There is a house in the woods. Its not quite nighttime but the lights inside glow out onto the path and fence surrounding it. Leaves rustle, the house sighs a little. The rustling gets louder and a girl appears from the woods. Just as she is noticing the house, and the light and the fence and the sighing a horseman in black gallops by in a whoosh. The force of him passing spins her around in a full circle and it is dark like a light switch has been flipped. The lights from the house lights the girl’s face with a warm glow and we can see nothing behind her. Then, a face looms over her shoulder; Baba Yaga is standing just behind her, completely unnoticed. The girl glides forward into the house, Baba behind her copying every movement. They both reach for a lantern on the wall and take it down, both stoop to pick up a button from the floor and both lean over to place it on the table. The girl lifts the lantern over her head and Baba Yaga gently grabs hold of her wrists and spins her until they face each other. A horse screams, there is fear and panic in the girl’s eyes as she looks into the face of Baba Yaga and then she flees the house taking the light with her. As she runs past, Baba Yaga grabs hold of the ribbon around her waist and is left holding it in the dark.

Baba Yaga, where are your daughters?
You know, house, you know. (weary)
Do I? Tell me, mother Baba, where are they?
You were there weren’t you? Why does it matter whether I say it aloud or not. (holding it in)
Oh it doesn’t really, I was just wondering
(silence, it is scary)
Are they out for a walk?
(pressure)
Are they fetching water from the well?
(wait, wait)
Are they playing a game? Hiding in the closet again…
I ATE THEM! THEY ARE IN MY STOMACH! THEY ARE GONE BECAUSE I ATE THEM!!!!
(ringing after the explosion)
Thank you.

girl: Baba Yaga, you never eat from your garden, why do you plant it?
Baba: Bait. (bites the head off a rabbit)

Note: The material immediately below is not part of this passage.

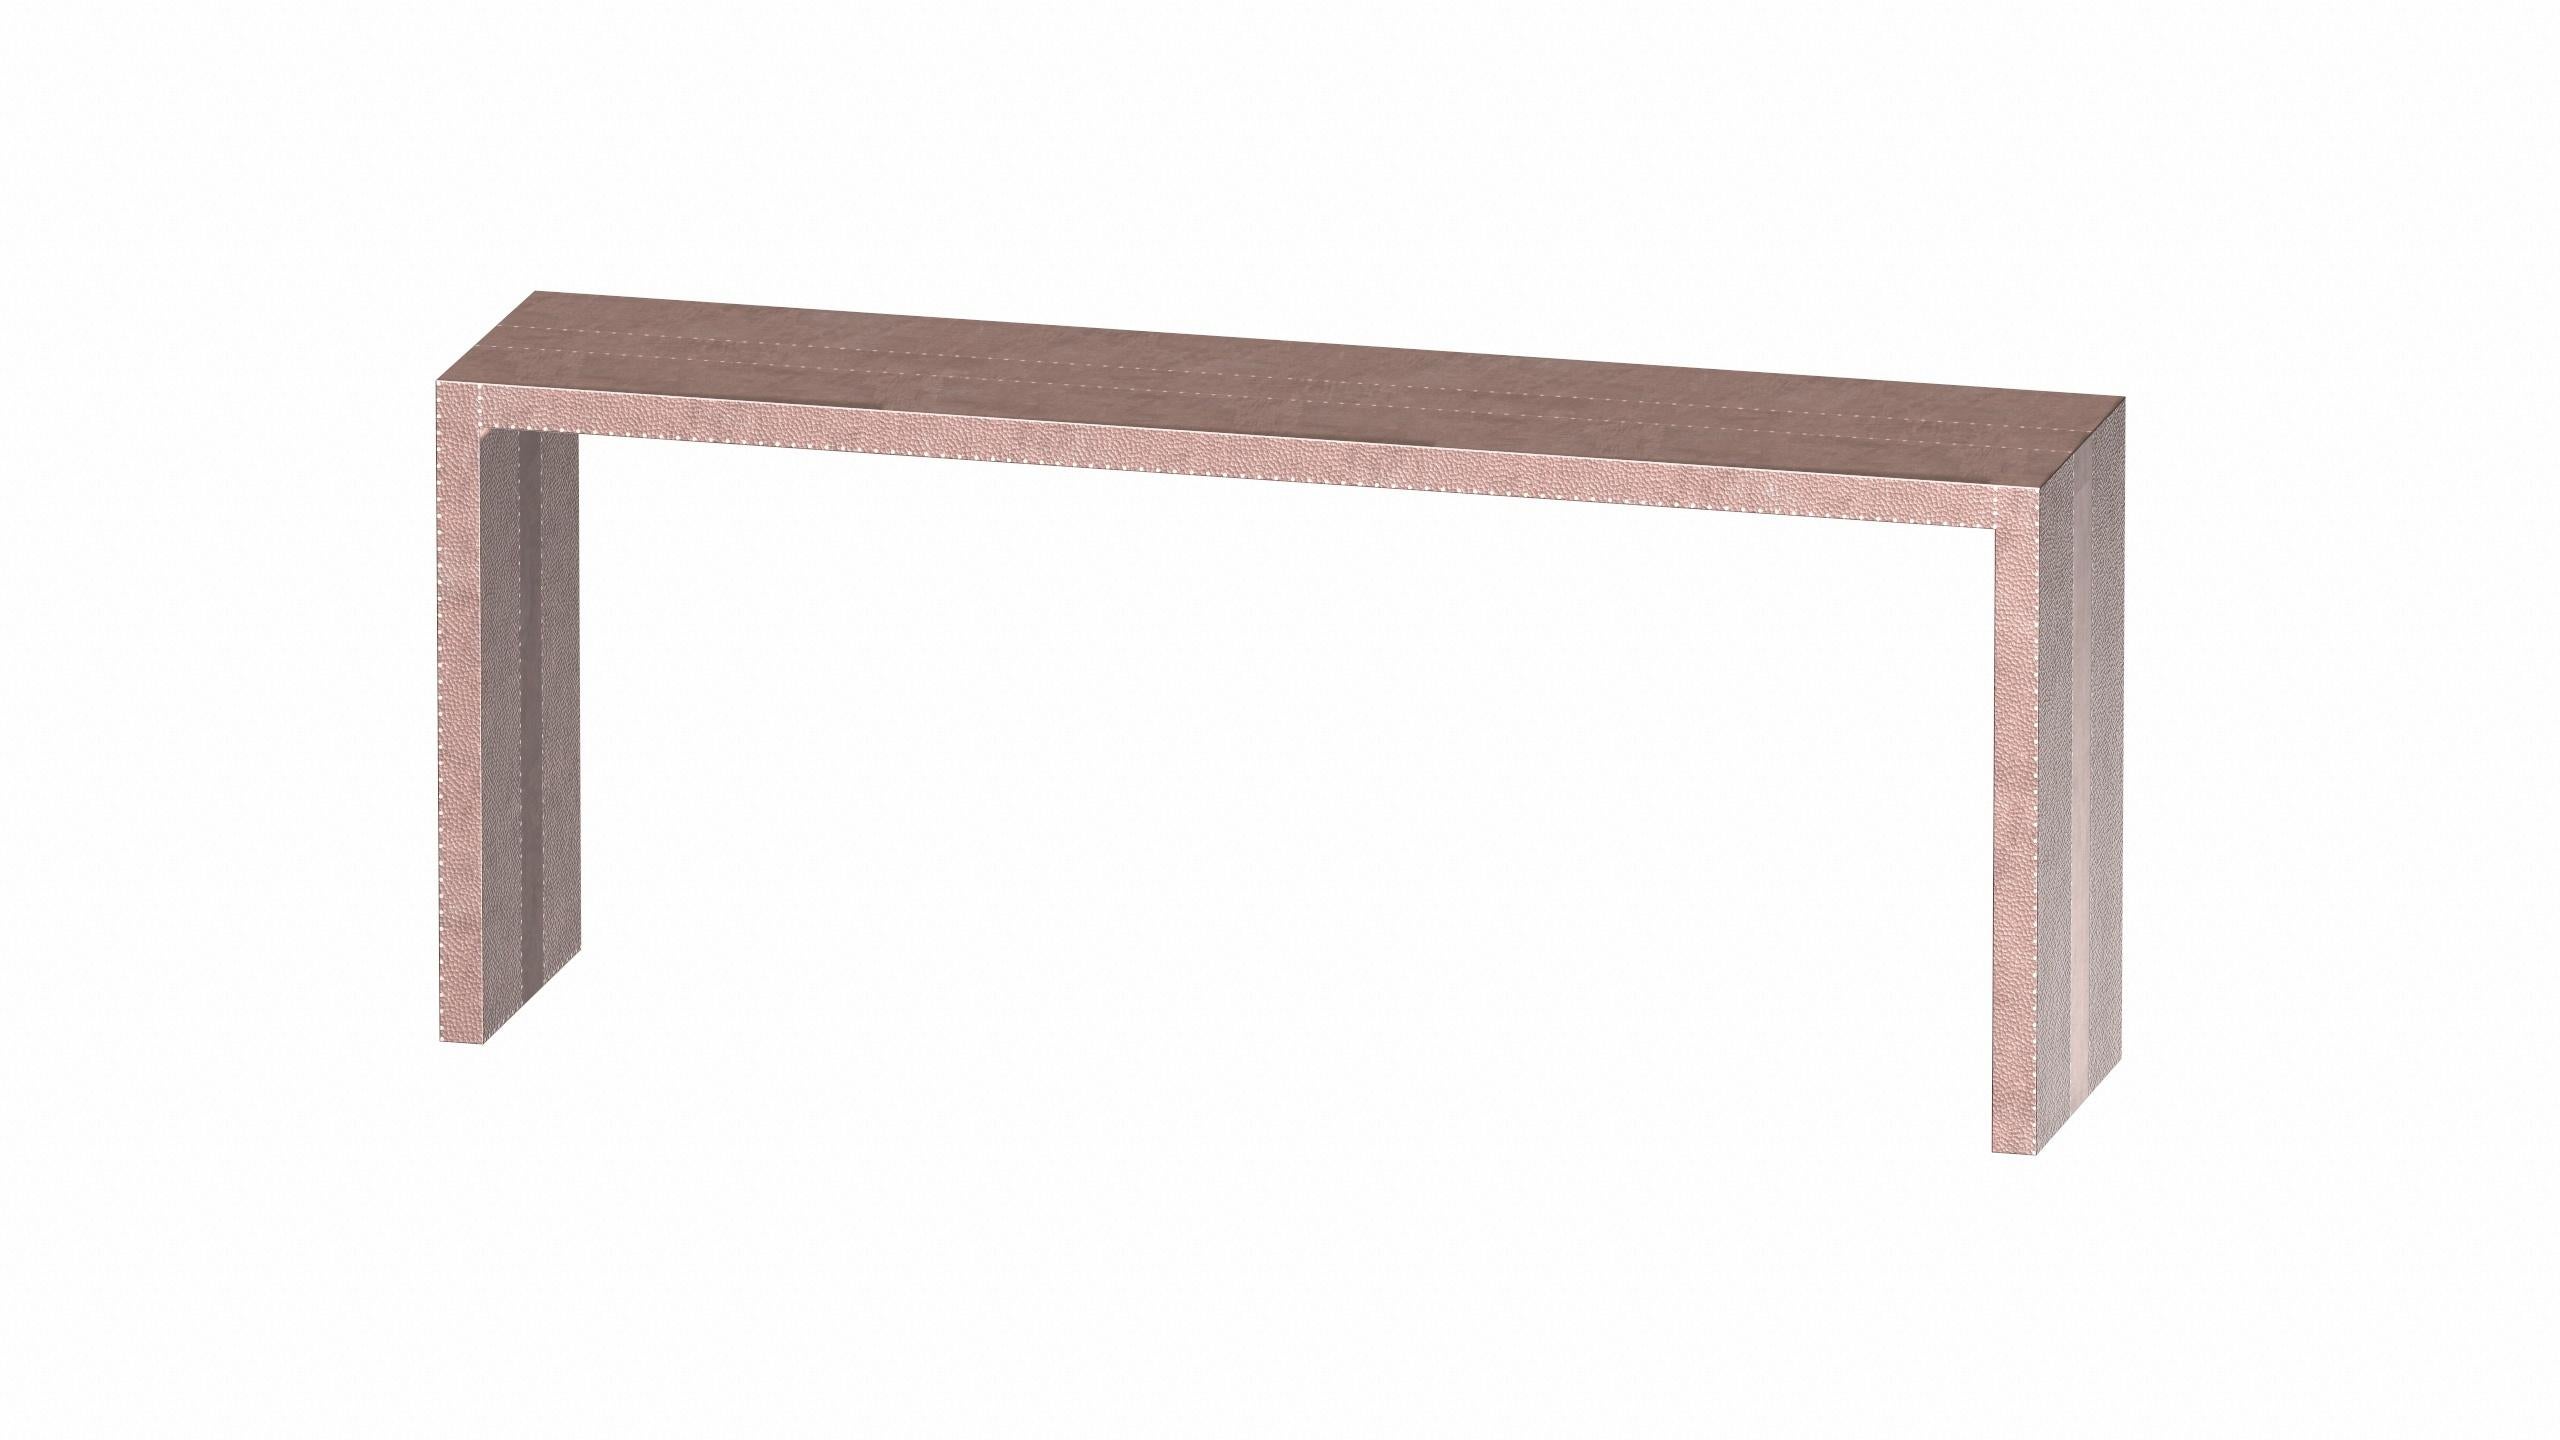 Art Deco Rectangular Console Tables Mid. Hammered Copper by Alison Spear For Sale 3

If we didn't want to have the house actually talking which might seem a little forced the house lines could just be implied with noise or music, the building tension, the silences and the breaking point are what important about that.
and I was thinking how little moments showing some crazy time might be fun. and I read a story where she bites the heads off of cats.